● Requirement
Transcribe exactly, leaving out pictures, the lines from the one that holds "This 997 Doesn't Strut... It Liberty Walks" through the end of the data below, including both end lines and no others.

● Source material
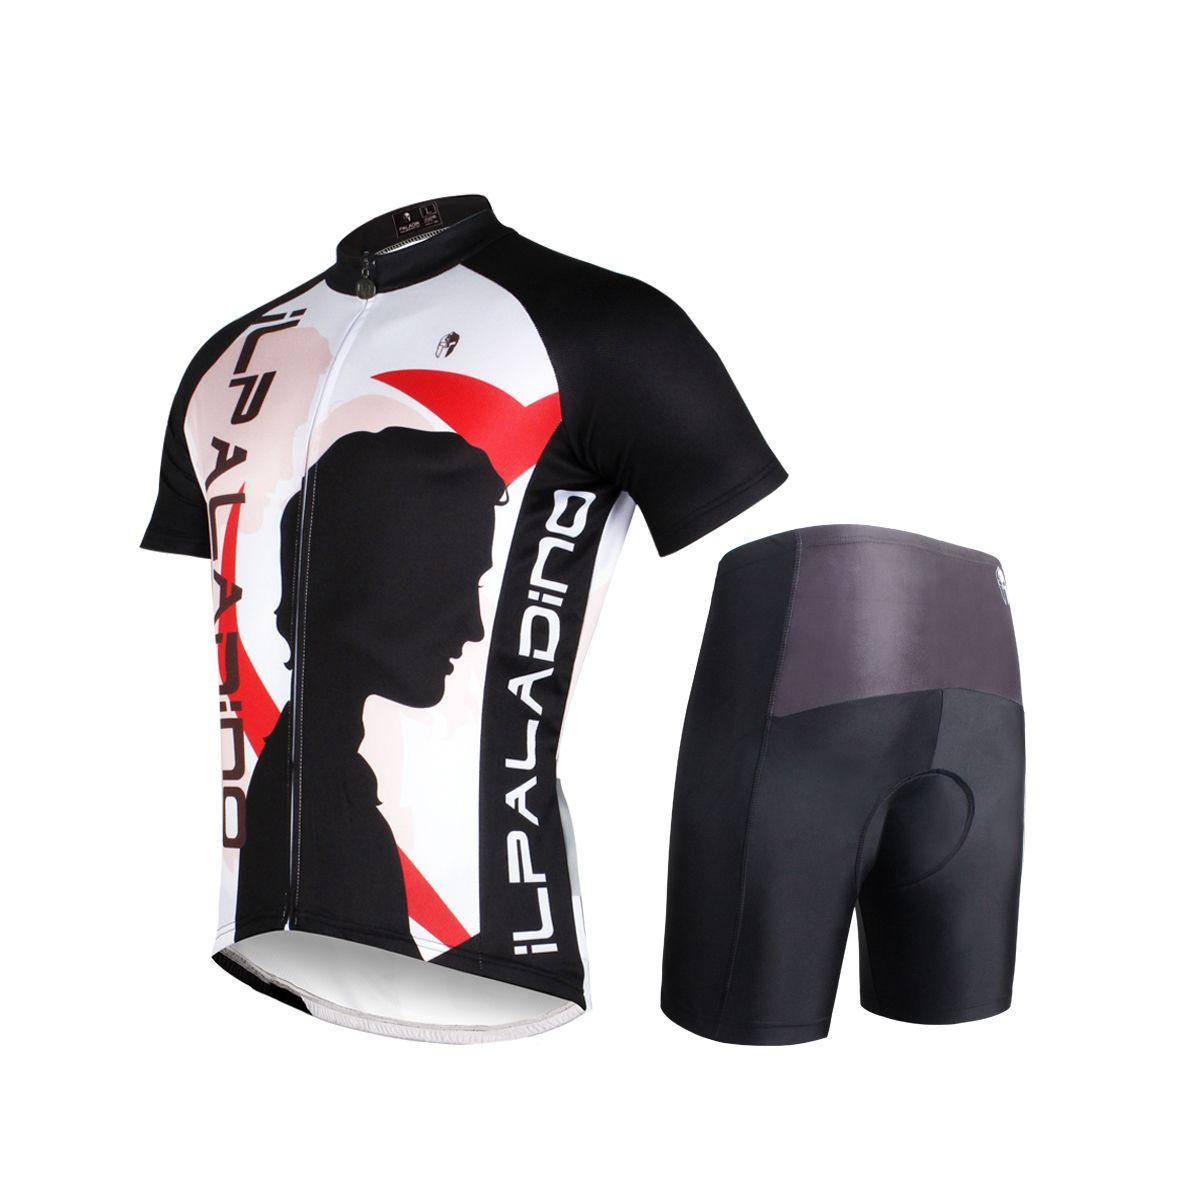 Great Cycling Kits Wacky Cycling Jerseys Comedy Cycling Jerseys
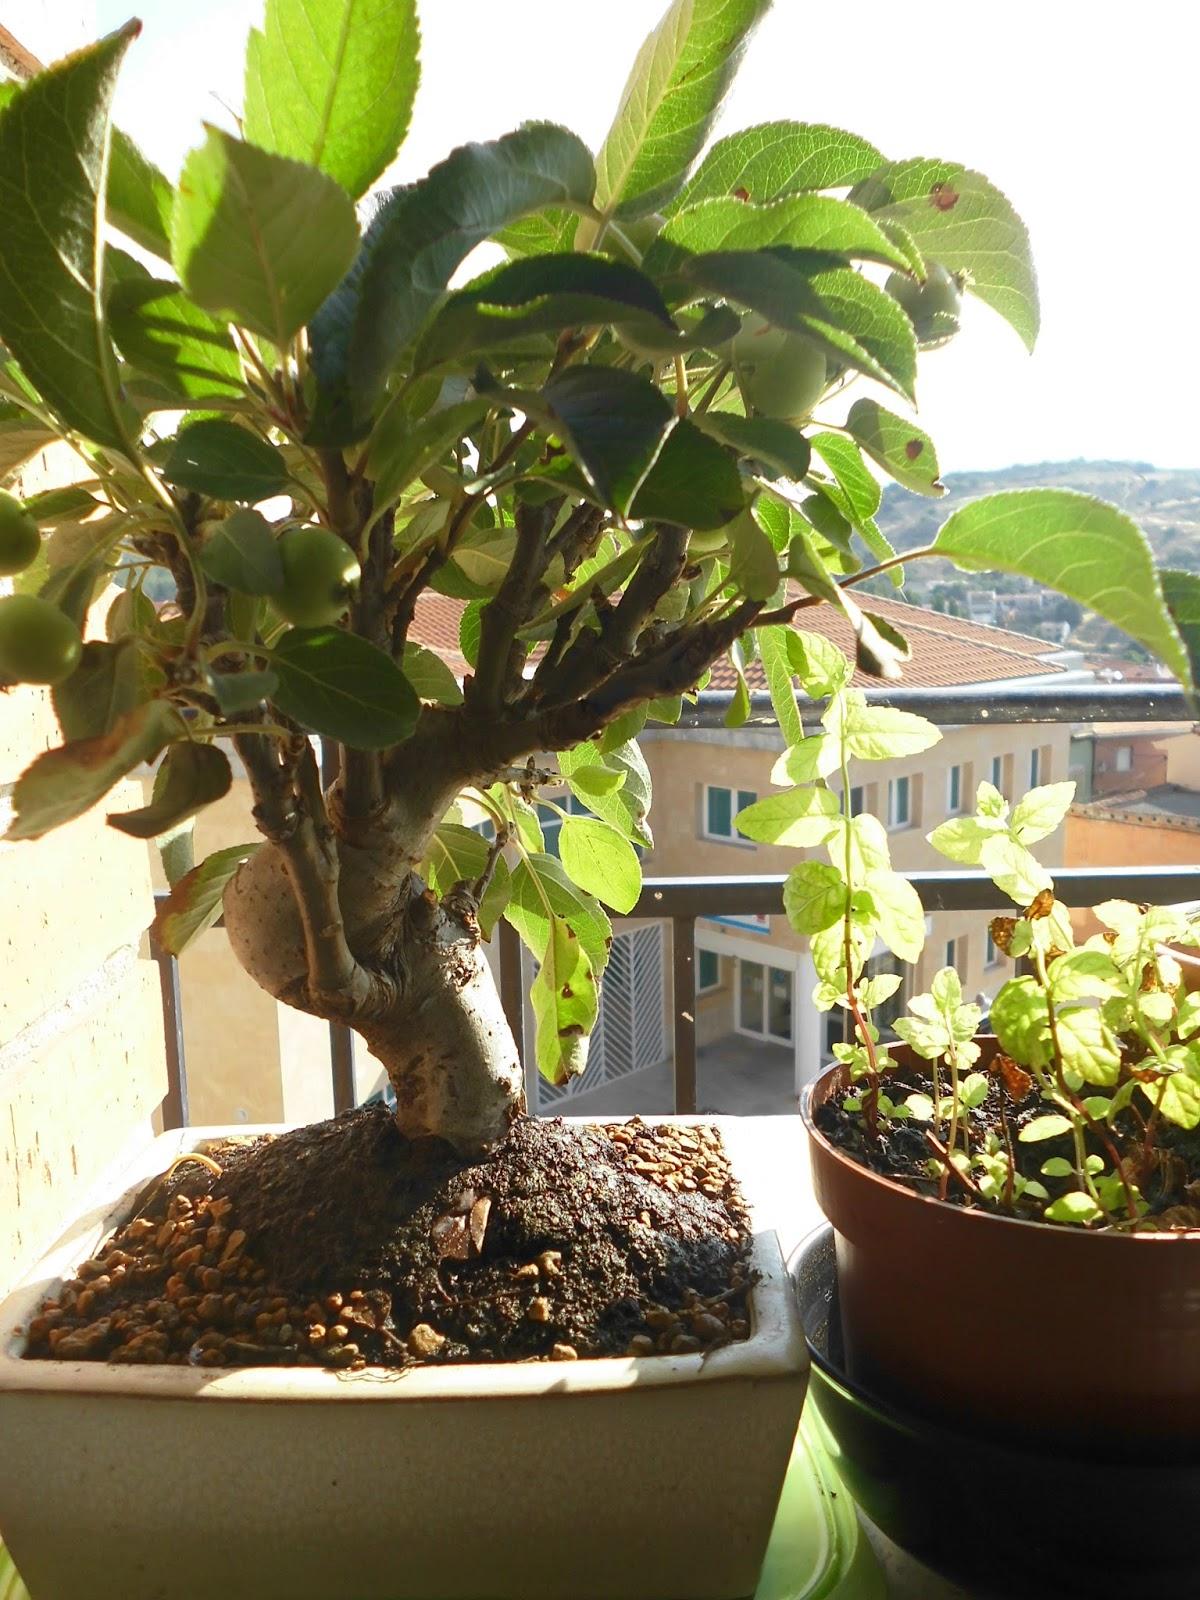 Estilo y hogar cuidados de un bonsai - Como cuidar bonsais ...
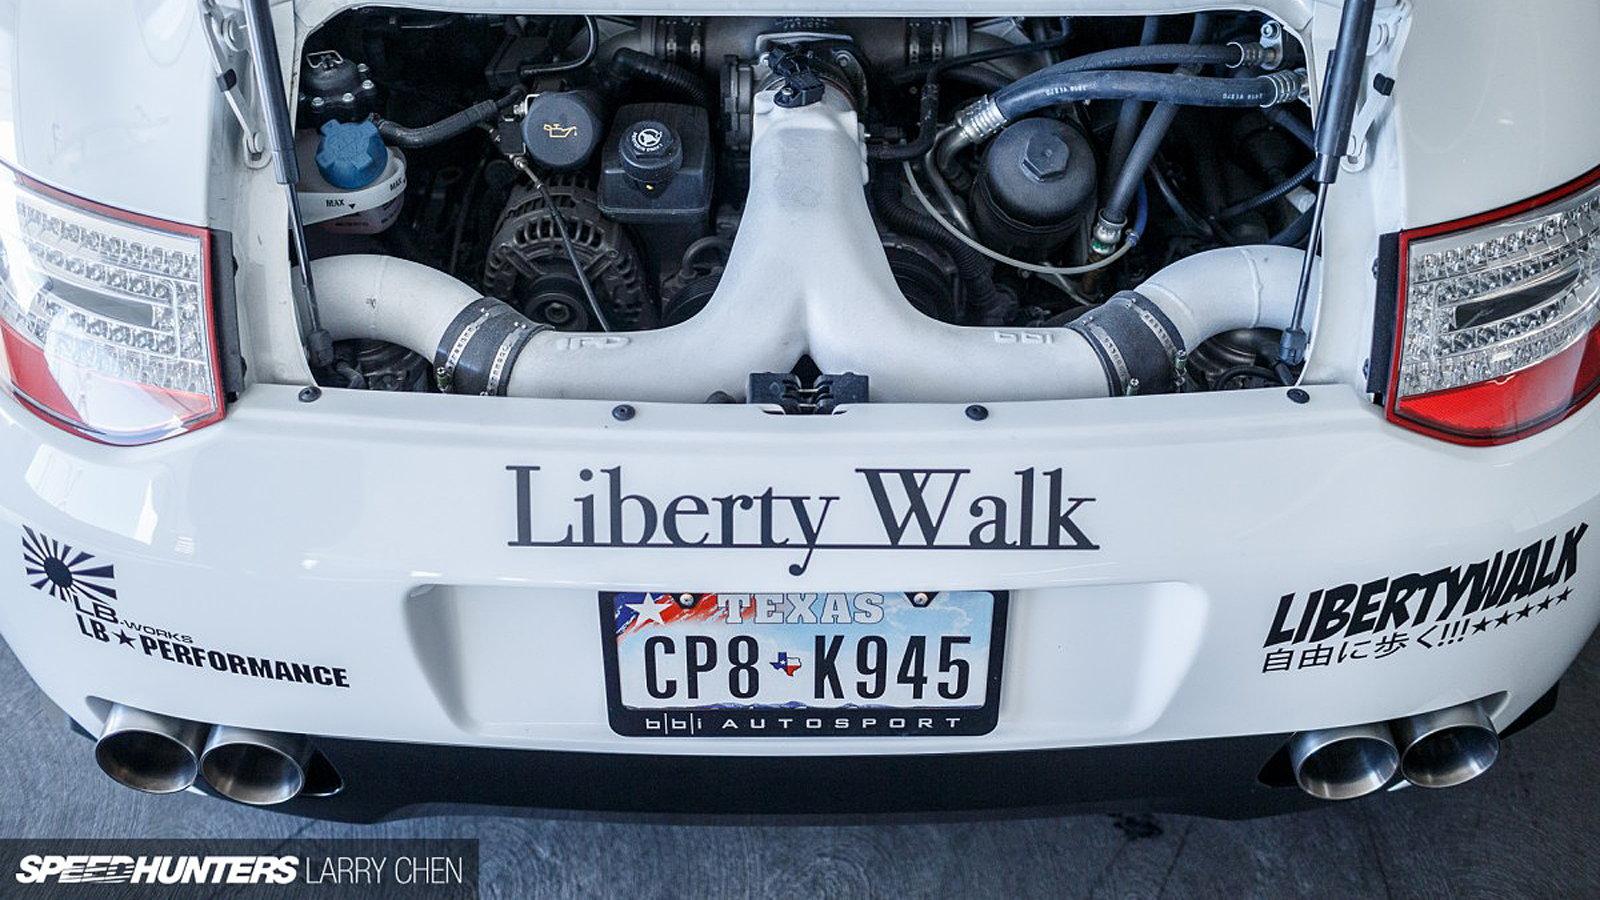 This 997 Doesn't Strut... It Liberty Walks
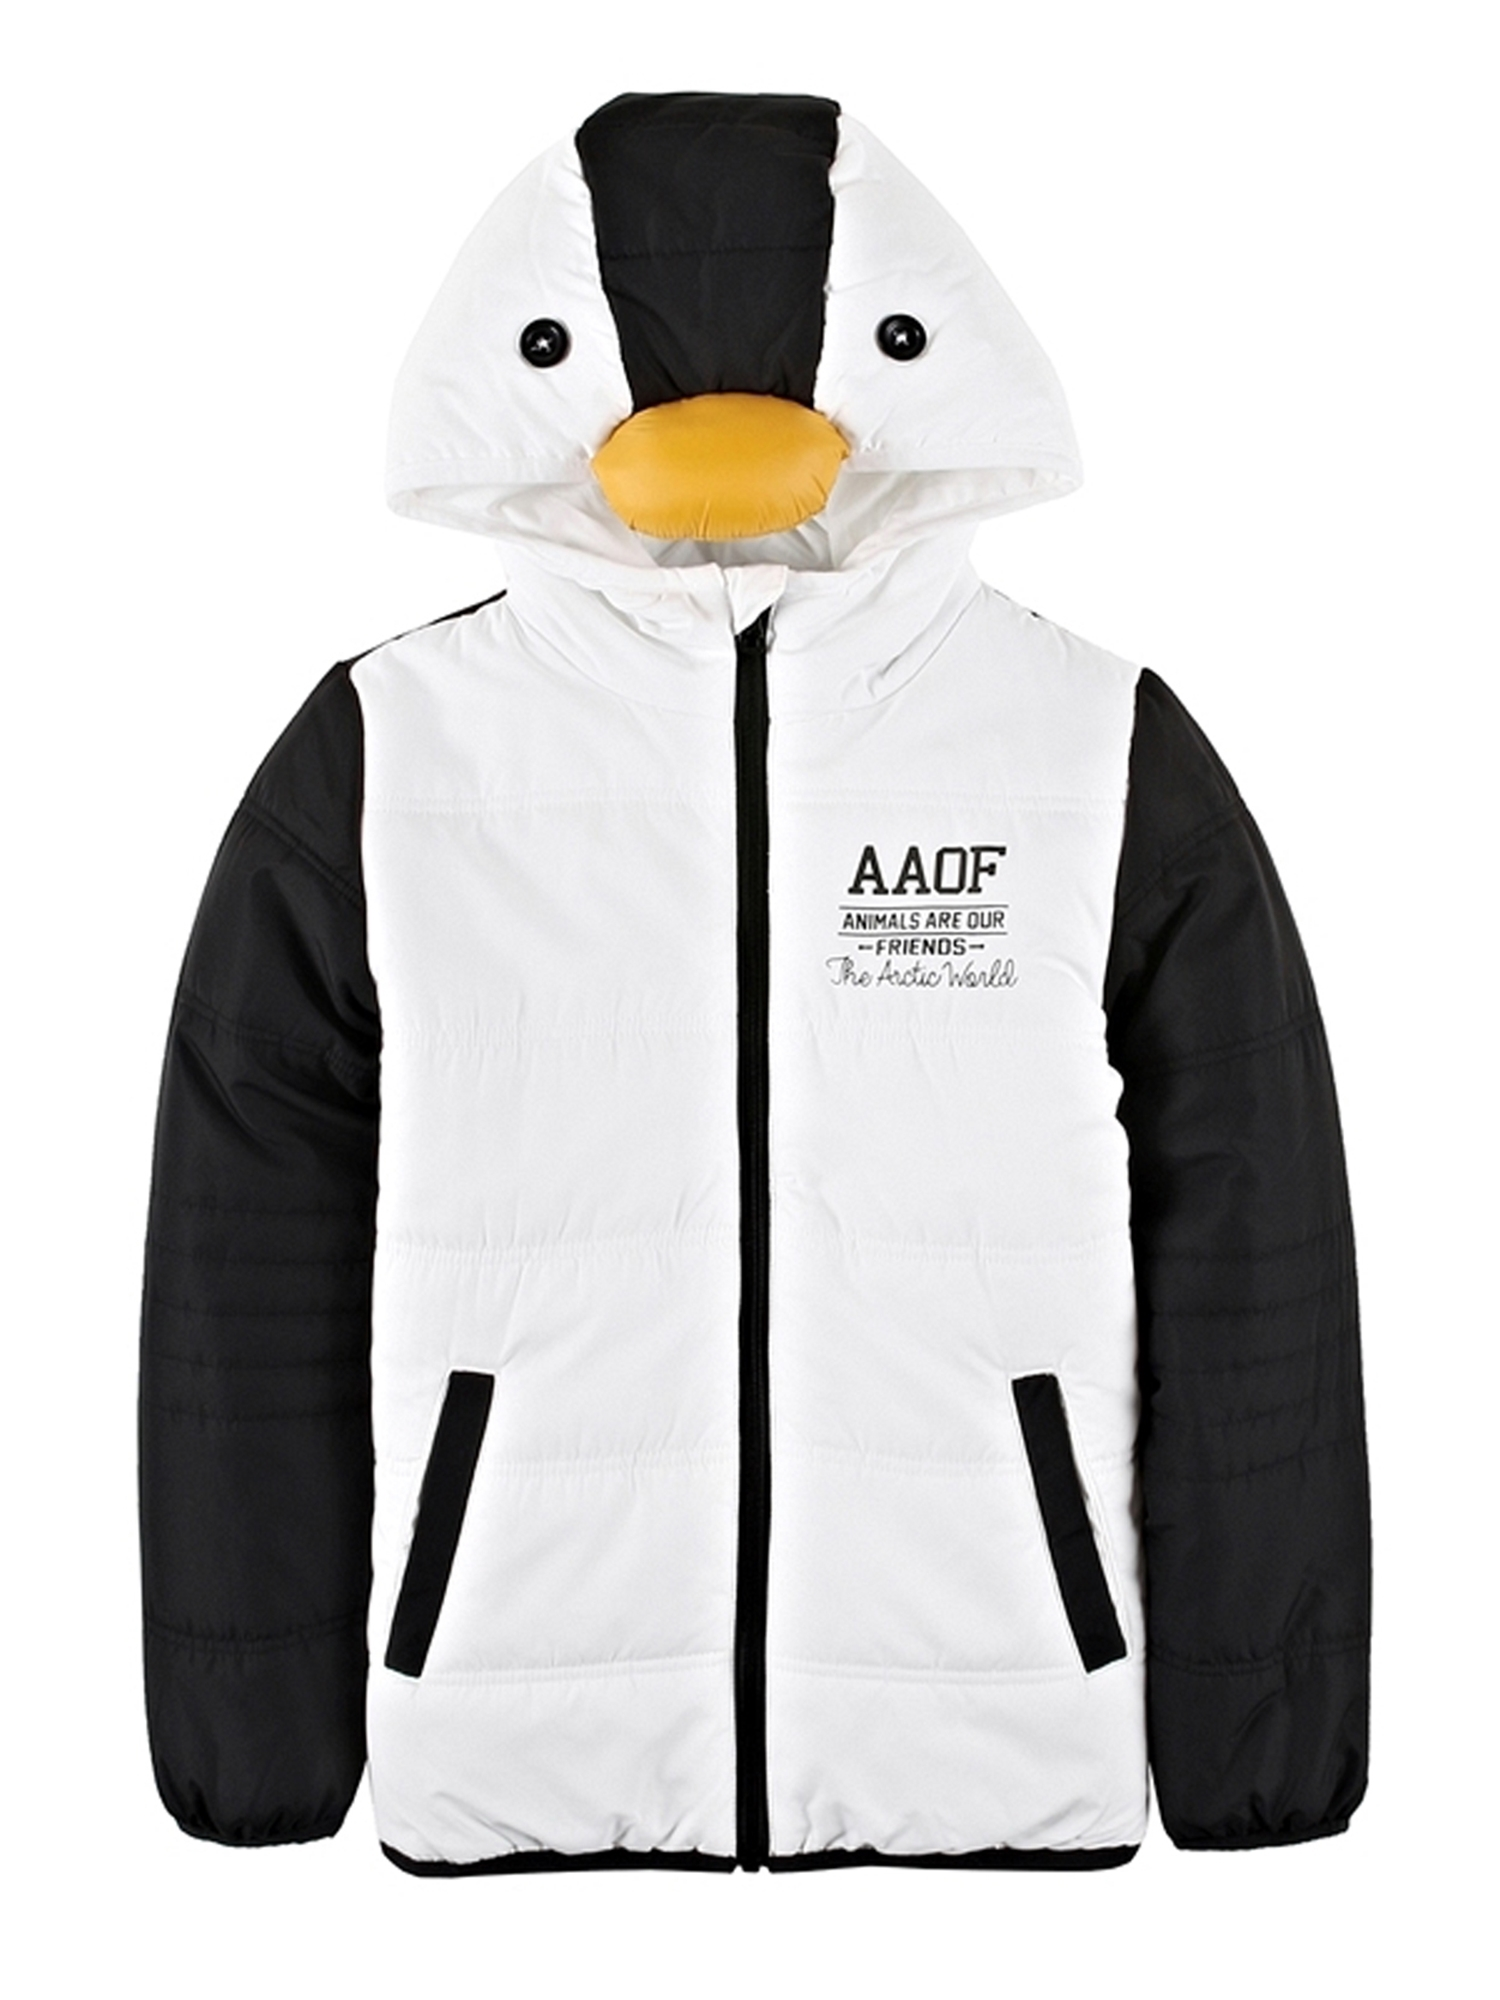 [GIORDANO]ペンギンパデッドジャケット

● Result for this task
 This 997 Doesn't Strut... It Liberty Walks
 [GIORDANO]ペンギンパデッドジャケット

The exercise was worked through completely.